Discussion in 'Sports and News' started by Azrael, Oct 9, 2012.

  1. Riptide

    Riptide Well-Known Member

    Yeah. For what he did, there should be some punishing work involved. A lot of punishing work.
     
  2. Beaker

    Beaker Active Member

    Also, Sandusky is a heinous monster, but as usual, the general "I don't give a f**k" attitude that many have regarding prison rape is disturbing. The law doesn't allow us to pick and choose who we'd like to be raped. Rape is rape.
     
  3. Riptide

    Riptide Well-Known Member

    Sure, but pardon me :)D) if I don't worry about whether he ever has a bad day in prison.
     
  4. jr/shotglass

    jr/shotglass Well-Known Member

    Meh, it doesn't matter what any of us think. He got what he got, and he'll get what he gets.
     
  5. Mark2010

    Mark2010 Active Member

    DD,

    I would submit that 30 years (at anything) is a pretty damn long time. What on earth would someone do if they ever did get out after that period of time. You're institutionalized by then.

    Maybe someone with a better knowledge of Pennsylvania law can tell, is it indeterminate sentencing? Where a court sets a floor and a ceiling and then a parole board picks in between based on various factors?
     
  6. dooley_womack1

    dooley_womack1 Well-Known Member

    Regarding the sentence: A sentence of hundreds of years can be used by Sandusky's lawyers as an argument for radical sentence reduction that if done before the right judge could get Sandusky fewer years than what he actually got. If your main goal in sentencing is to best make sure Sandusky doesn't die a free man, then what he got, tactically-wise, is the prudent sentence. You don't want to give skilled lawyers "cruel and unusual" as a tool at their disposal.
     
  7. Beaker

    Beaker Active Member

    That's a good point. If there was a perception that the judge's sentence was in any way vindictive, it might give some ammunition to Sandusky's appellate lawyers.
     
  8. Armchair_QB

    Armchair_QB Well-Known Member

    They've already got enough with the court's refusal to give him more time to prepare for the original trial.
     
  9. Amy

    Amy Well-Known Member

    This article provides a good summary of the applicable sentencing guidelines

    http://abcnews.go.com/US/t/story/potential-penalties-sandusky-faces-sentencing-17429440
     
  10. SoCalScribe

    SoCalScribe Member

    I think the hard part of all this for me is his total lack of acceptance of guilt. At 98 or 128 or whatever he lives to be -- and it seems sometimes that the true A-holes live forever -- he is, as Wexler said, someone who blames his victims (so, too, seems to be his wife, in my opinion, though in truth I have no idea how much she really knows).

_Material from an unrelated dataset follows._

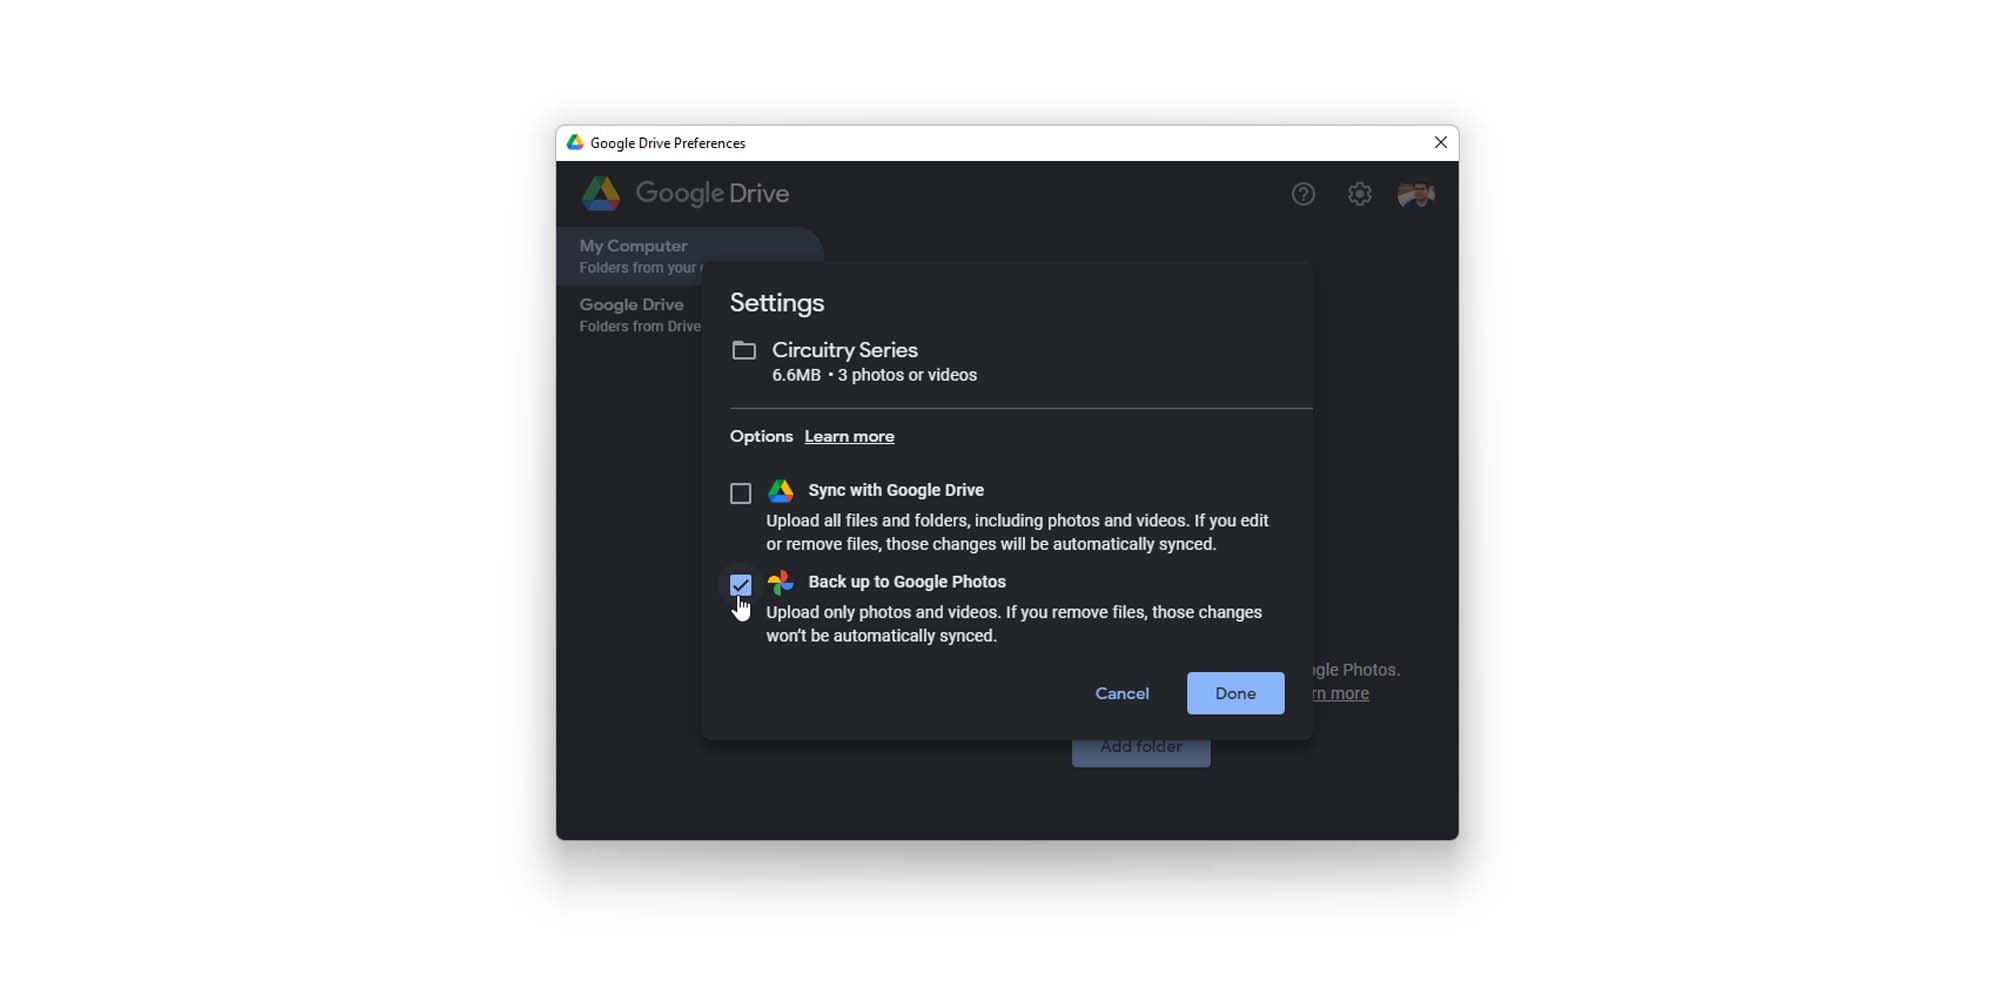 access google sync and backup on my desktop
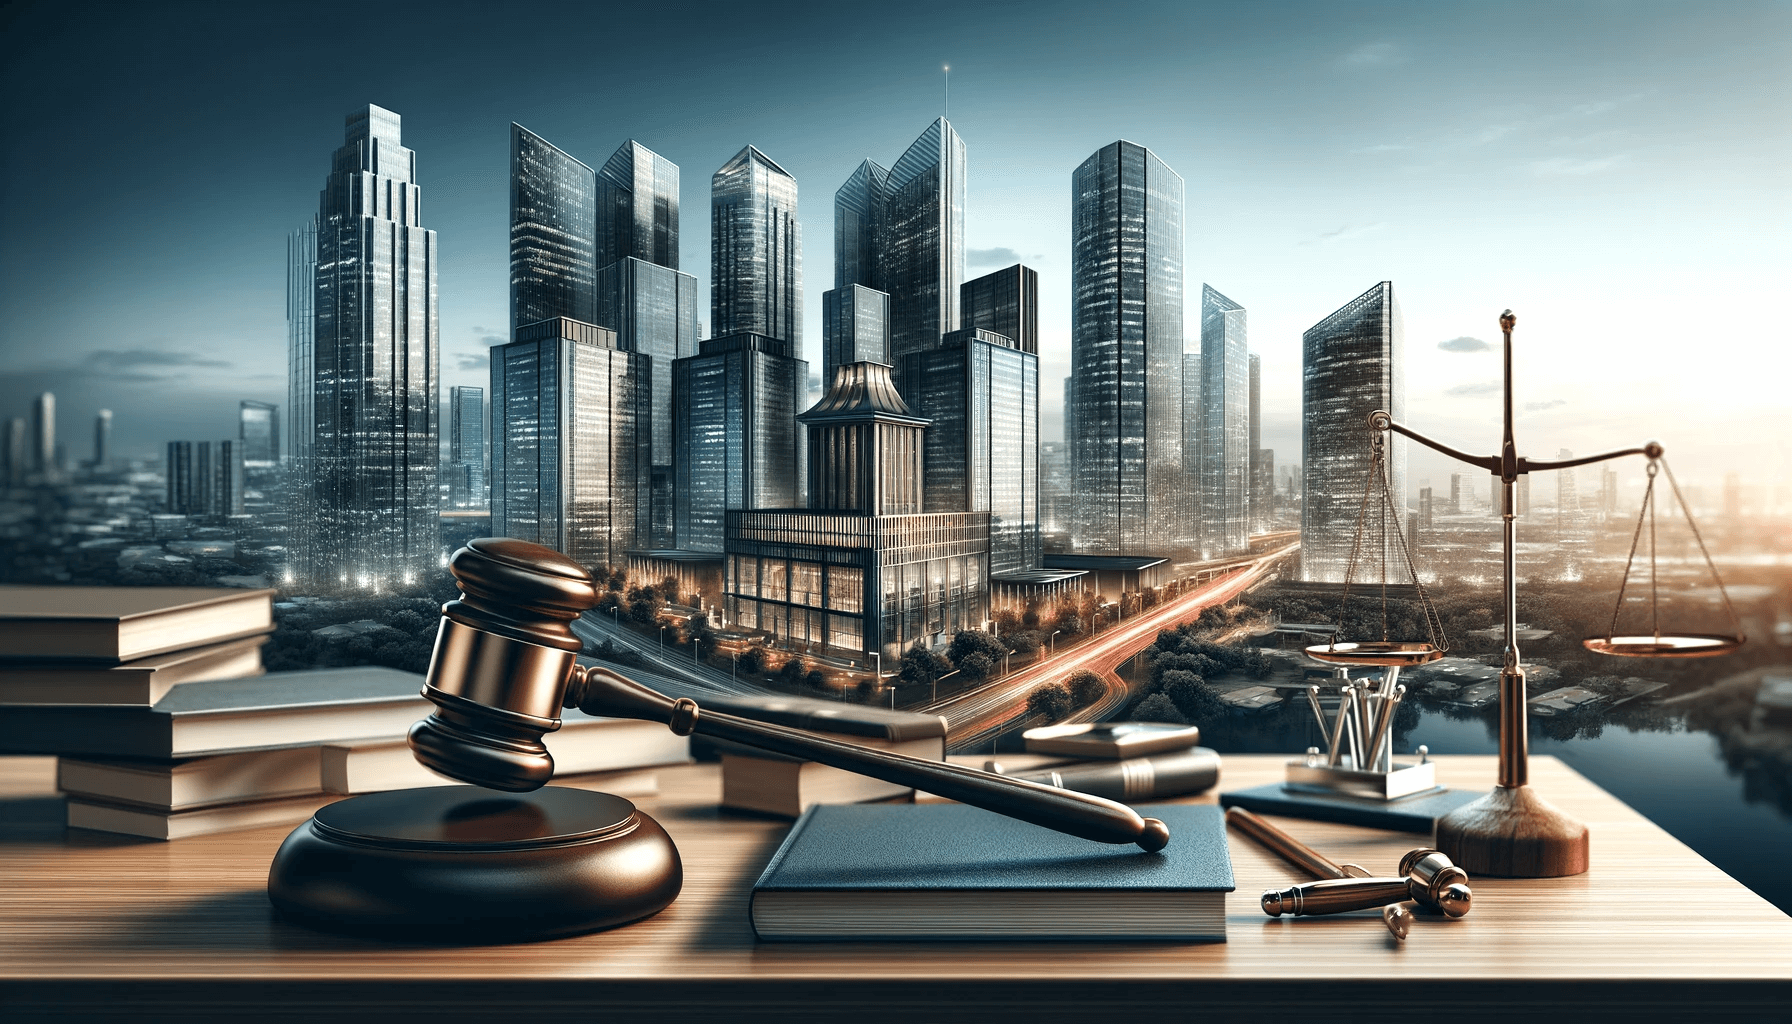 Image with a desk, gavel, balance scales, and a modern city landscape

    I hope during his remaining years/decades in a solitary cell that he comes face to face with truth.
     
  11. Beaker

    Beaker Active Member

    So, night before the sentencing, and one of Sandusky's lawyers, Karl Rominger, was out on the town drinking and chasing tail, seriously:

    http://abovethelaw.com/2012/10/jerry-sanduskys-lawyer-has-a-late-night-heart-to-heart-with-several-penn-state-students-over-beer-and-taco-bell/#more-199046
     
  12. BTExpress

    BTExpress Well-Known Member

    The human mind has an amazing ability to rationalize and shift responsibility and basically do everything it can to remain sane --- because "coming face to face with the truth" would typically push people into a mental abyss. The brain will do everything it can to avoid that.

    That's not Sandusky's failing, specifically. All humans do it. Most just don't have quite as much horror to rationalize and blame to shift as he does.